Is there a reason you'd rather not use one of the paths stored in the above environmental variable? That said, I'd keep your code out of the "C:\Windows\System32..." path. The other options are better: "C:\Program Files\PowerShell\Modules" (AllUsers) and "C:\Users\tommymaynard\Documents\PowerShell\Modules" (CurrentUser). Depending on your PowerShell version/OS, those path could be different. You won't need to write an Import-Module command into a $PROFILE script if you get the module into a preferred location. Maybe you already know this, but maybe not.

You're not going to get Install-Module to write to any of the $PROFILE scripts.

$PROFILE | Select-Object -Property *

Well, not by default anyway. You could write your own Install-Module function, that runs PowerShellGet's Install-Module function, and includes writing to various $PROFILE scripts. The problem is that you'll need to include logic so you don't blow away the contents of someone's $PROFILE script if it's not empty, and only append to it.

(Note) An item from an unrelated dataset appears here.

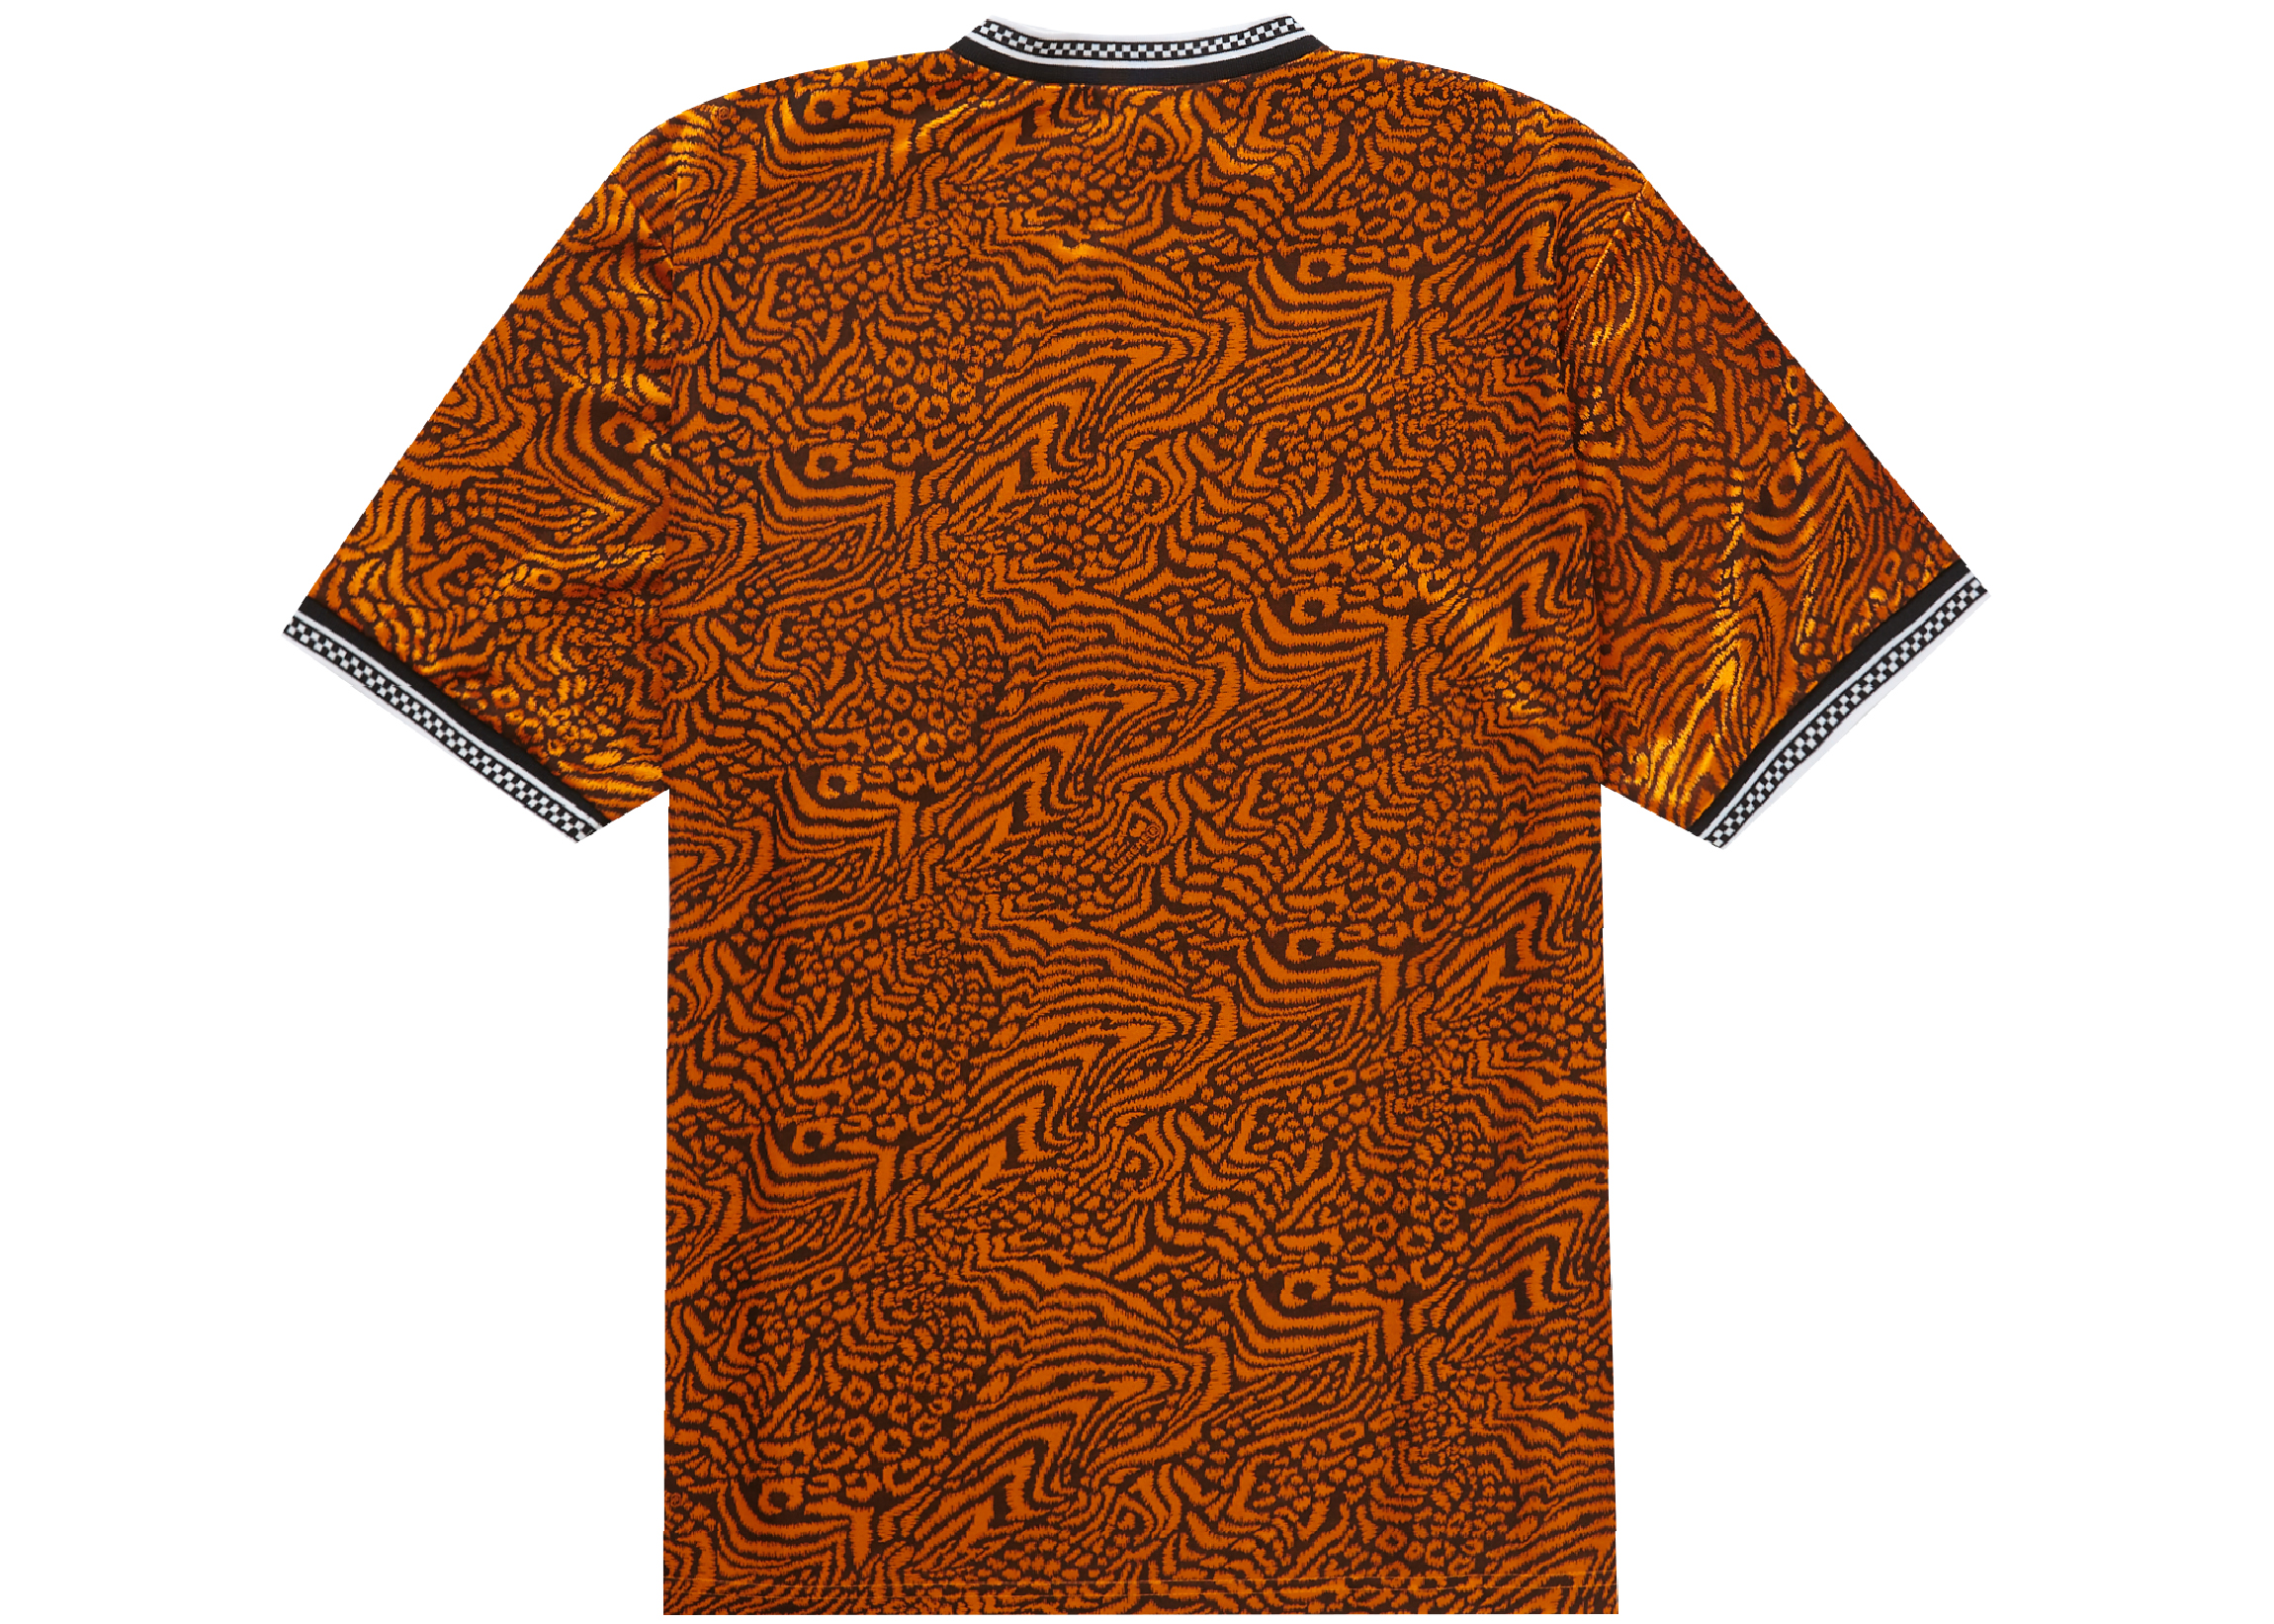 Supreme Umbro Jacquard Animal Print Soccer Jersey Orange Men's ...

Seriously though, this is turning into a lot of work, when you could drop the module into a location where PowerShell can find it on its own.

Edit: It just occurred to me, you can add a value/path to the $env:PSModulePath environmental variable. It's a single string with semi-colon delimiters:

$env:PSModulePath.GetType().Name

Therefore, it'd look like this:

$env:PSModulePath += ';C:\Another\Path'

That's great and all, but again how might you stage this, right? It takes you back to the write-to-all-the-$PROFILE-scripts problem,... although you may be able to update the variable via Group Policy Preferences. Again, probably better to just relocate your module.